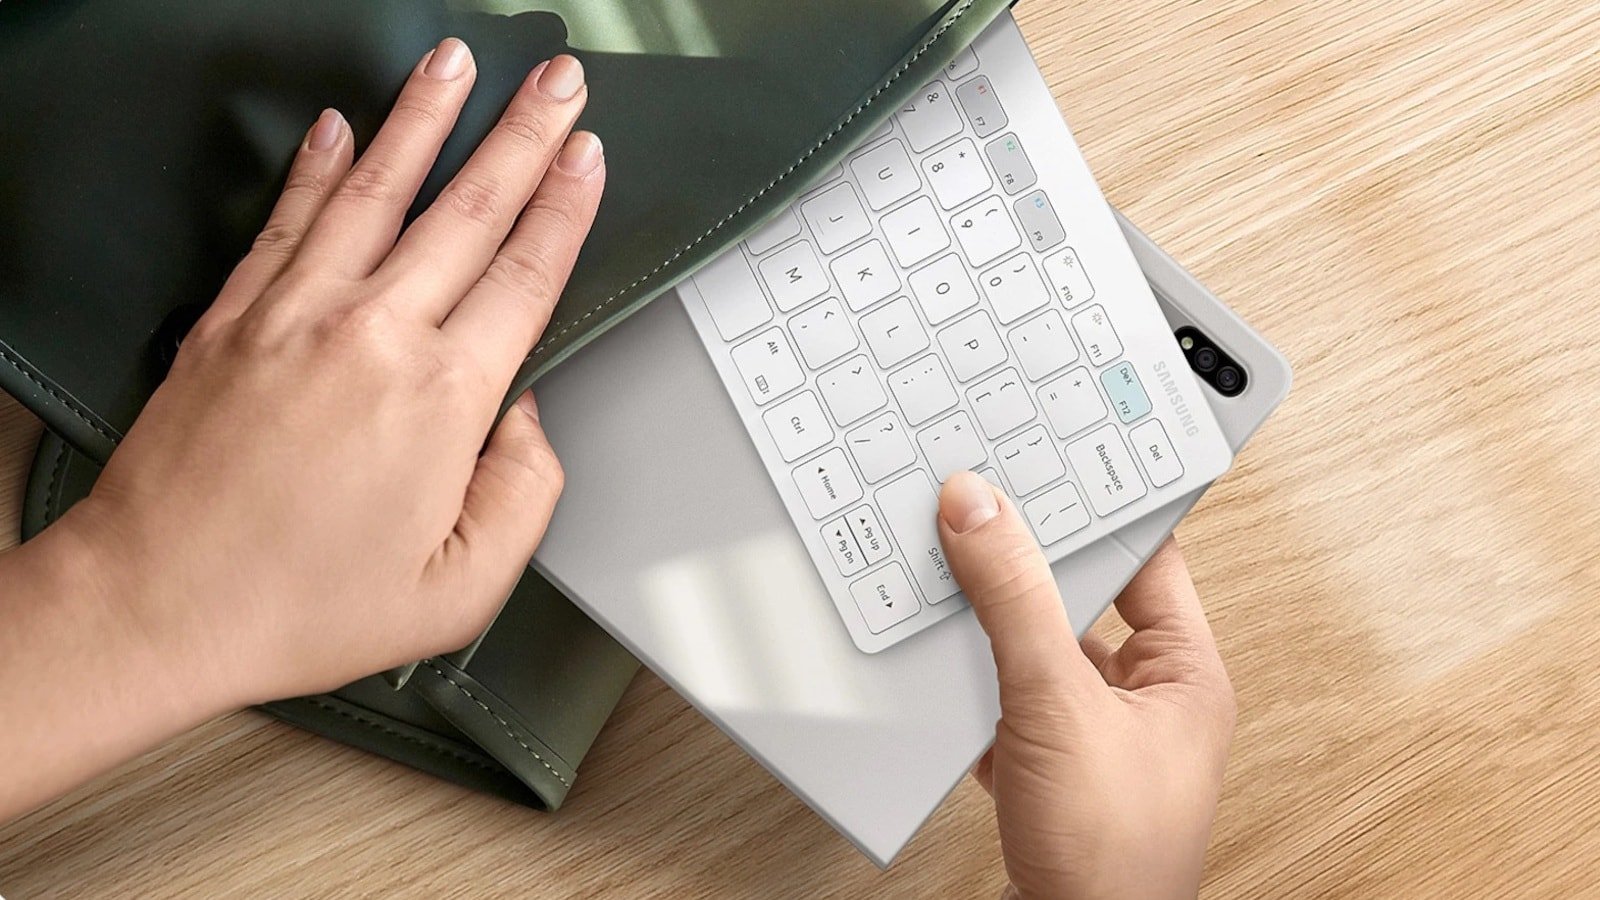 Samsung Smart Keyboard Trio 500 takes your workplace on the go
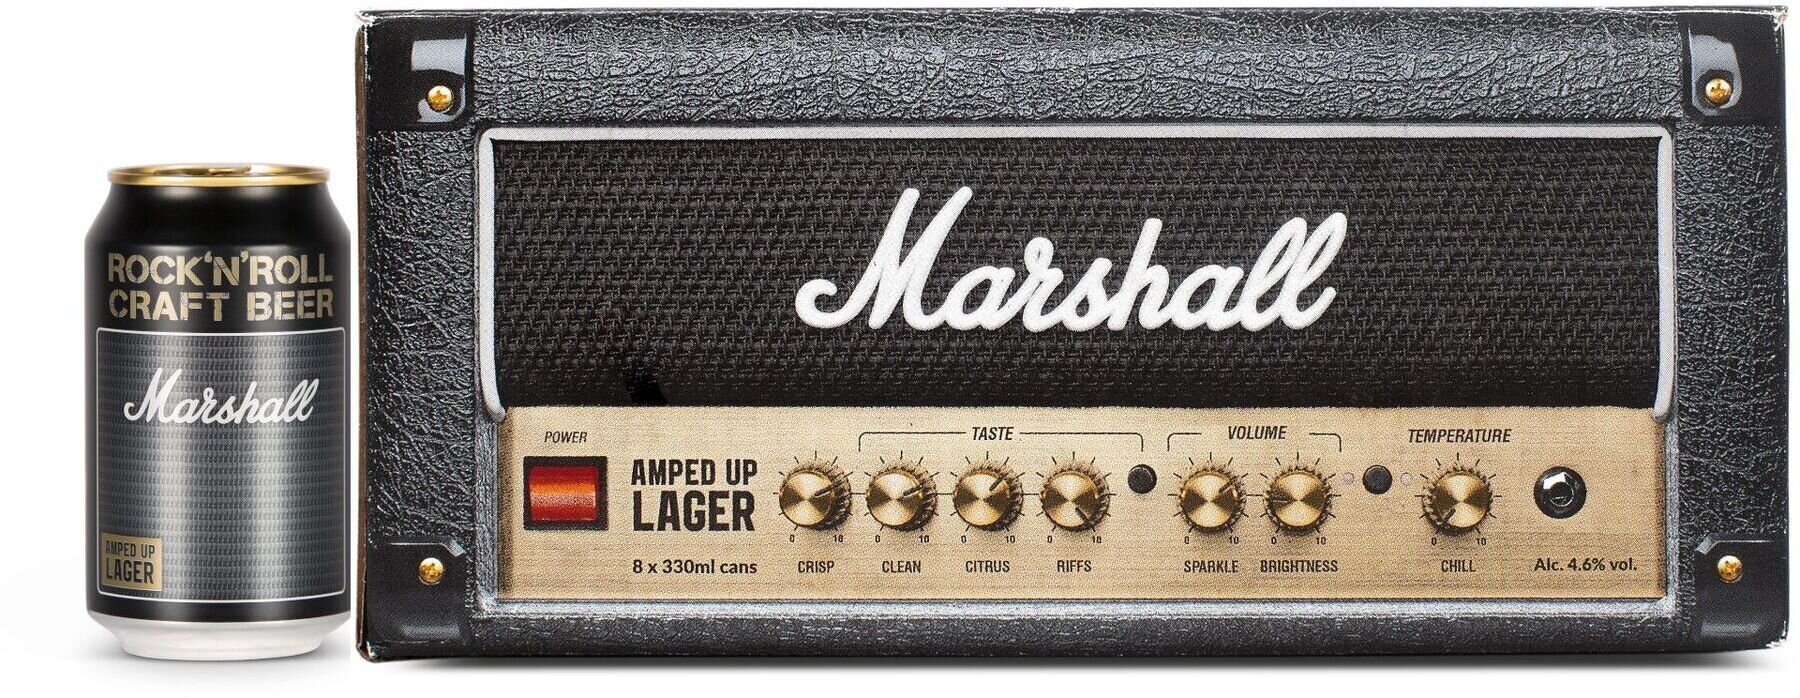 Bier Marshall Amped Up Lager Can Bier
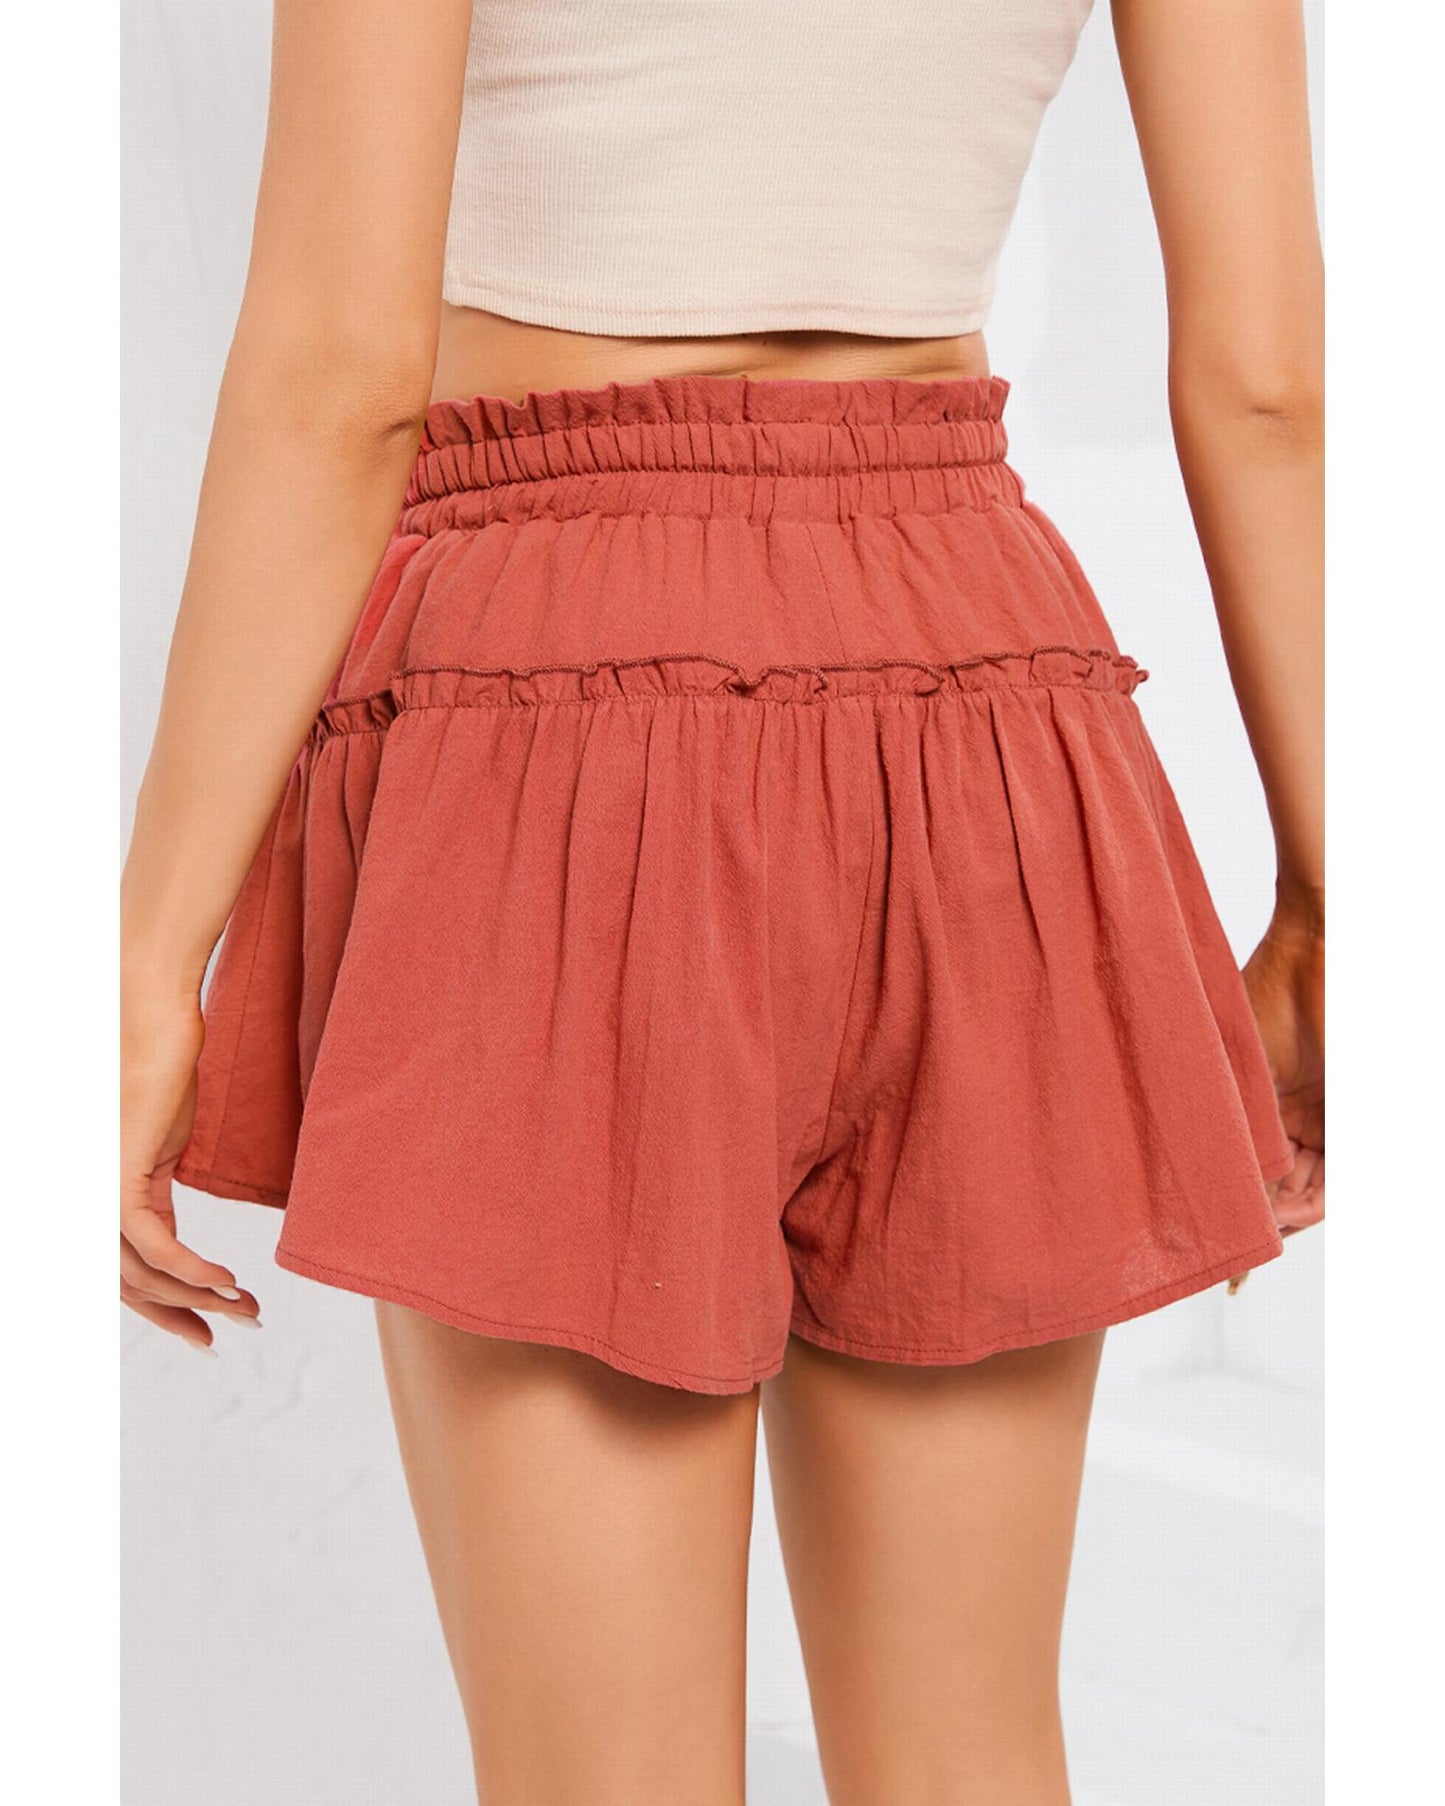 Azura Exchange Belted Frill Trim Casual Shorts - M
-*-*-
__Exercise requirements__.
Reproduce the full listing faithfully, but do not carry over any pictures.

__Task response__.
 Samsung Smart Keyboard Trio 500 takes your workplace on the go
 Bier Marshall Amped Up Lager Can Bier
 Azura Exchange Belted Frill Trim Casual Shorts - M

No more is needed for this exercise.